The next morning, Agent Sparks drops me off at the bus station with a hug and a one-way ticket anywhere.

“If you ever need anything, call me. My card is in there.” She nods to the envelope with my ticket. I reach inside and pull out a plain white card with her name, email, and business-phone and cell-phone numbers written in red ink.

“Thank you for everything.”

“Good luck in Castle Cove. I don’t know if I could live there. Those people are nuts.”

“They are.” I smile. “But they’re my nuts.”

I watch her drive away with a sigh and then finger the card in my hand. I wonder what she would do if I called her for a job . . . after I find the money for school and hopefully graduate before I’m thirty-six and too old to be an agent.

I blow out a breath and the business card slips from my fingers and flutters to the pavement.

Bending over, I pick it up. As I stand, my eyes catch on a pair of shoes stopped in front of me. They’re connected to legs encased in dark jeans. A fitted—but not too tight—black T-shirt. At the top is a lovely, recognizable face.

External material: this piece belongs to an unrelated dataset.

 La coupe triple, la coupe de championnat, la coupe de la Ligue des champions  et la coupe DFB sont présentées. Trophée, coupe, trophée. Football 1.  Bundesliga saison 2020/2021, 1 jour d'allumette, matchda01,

My eyes drink him in. His hair is a mess. His face is scruffy and unshaven. His eyes are watching me as I watch his, our gazes mirroring both hope and caution. He looks delicious. I mean, for god’s sake, he’s wearing jeans and a T-shirt. But still. Possibly the most attractive thing I’ve ever seen.

I don’t know what to say.

Thankfully, he starts first.

“I have to ask you something.”

“Anything.”

He pauses for a few seconds. “Were we a lie, too?”

I shake my head. No matter my answer, will it be pointless? Too little too late? How can I tell him the truth and expect him to believe me? “Does it matter how I answer? Would you believe me?”

“It matters.”

I bite my lip. I don’t deserve his trust, even now that every word is the truth. “I never even told you my real name.”

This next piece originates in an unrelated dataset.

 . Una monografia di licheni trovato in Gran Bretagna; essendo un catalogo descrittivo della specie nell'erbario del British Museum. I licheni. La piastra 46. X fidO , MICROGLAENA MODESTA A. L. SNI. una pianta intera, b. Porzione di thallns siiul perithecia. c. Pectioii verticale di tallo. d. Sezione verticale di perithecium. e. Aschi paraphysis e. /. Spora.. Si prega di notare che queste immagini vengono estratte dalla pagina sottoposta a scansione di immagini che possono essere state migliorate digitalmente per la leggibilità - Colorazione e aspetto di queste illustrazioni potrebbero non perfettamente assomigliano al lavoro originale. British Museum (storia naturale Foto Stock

“I know.” Then he hesitates and admits, “Actually, I always knew you weren’t Ruby.”

My heart drops to the concrete floor at my feet. “What?” I can’t believe it. “What do you mean, you always knew?”

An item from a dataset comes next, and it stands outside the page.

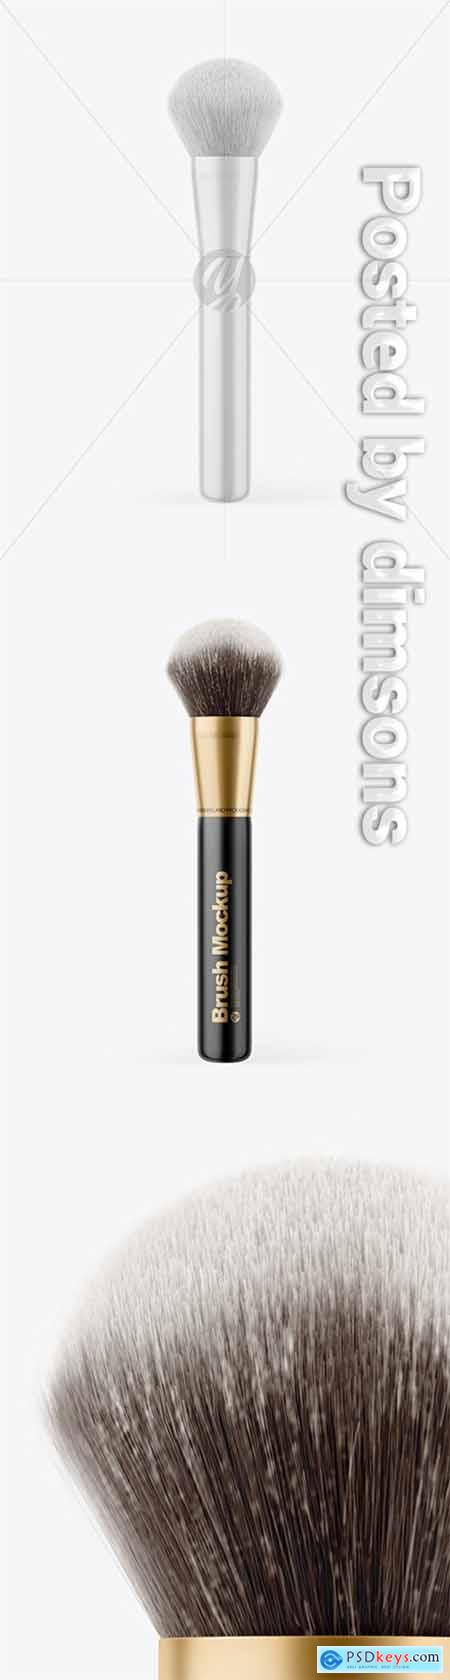 Glossy Powder Brush Mockup 66394

“You might remember when we first met, I wasn’t exactly, um . . .” He smiles a little, one corner of his mouth ticking up at the side. “Nice. To you. I knew you were lying about being Ruby. When I first saw you, you were looking for work on the boardwalk. I watched you go into the stores and ask for a job. But then suddenly you were the owner of the new shop and starting a business. It didn’t make sense.”

I think back to that day at the boardwalk, when he yelled at me for going into the abandoned shop. I didn’t realize he had seen so much. He was a distraction to me, even then.

I don’t know what to say.

He shrugs and shoves his hands in his pockets before he continues. “I’m a cop. It was easy to look up Ruby and realize it wasn’t you. At first, I didn’t really know what to think. And it really didn’t make sense when you knew things happening around town, and you helped people. You weren’t acting like a bad guy. You were kind. I thought maybe you were on the run from something or someone and using Ruby as a cover. I just didn’t know what it was. I had hoped you would trust me and talk to me before it came to this.”

“Trust is a difficult thing. So hard to gain, so easy to lose. You were right, though. I was on the run. Ruby was a cover, one I never should have used. I should have told you sooner. I should have trusted you.” I sigh and look him in the eye. “There’s a lot of things I should have done. I’m sorry that I didn’t trust you enough to tell you. You did earn my trust, over and over, and I was an idiot.”

He smiles a little, just a small upturn of his lips, but it’s enough to send my heart racing. “You’re not an idiot. I understand why you did what you did. Although, I agree that you should have told me sooner.” He moves closer, pulling his hands out of his pockets and I wonder if he’s going to touch me, hug me, strangle me, something. But he stops less than a foot away. So close I have to look up at him. “You haven’t answered my original question.”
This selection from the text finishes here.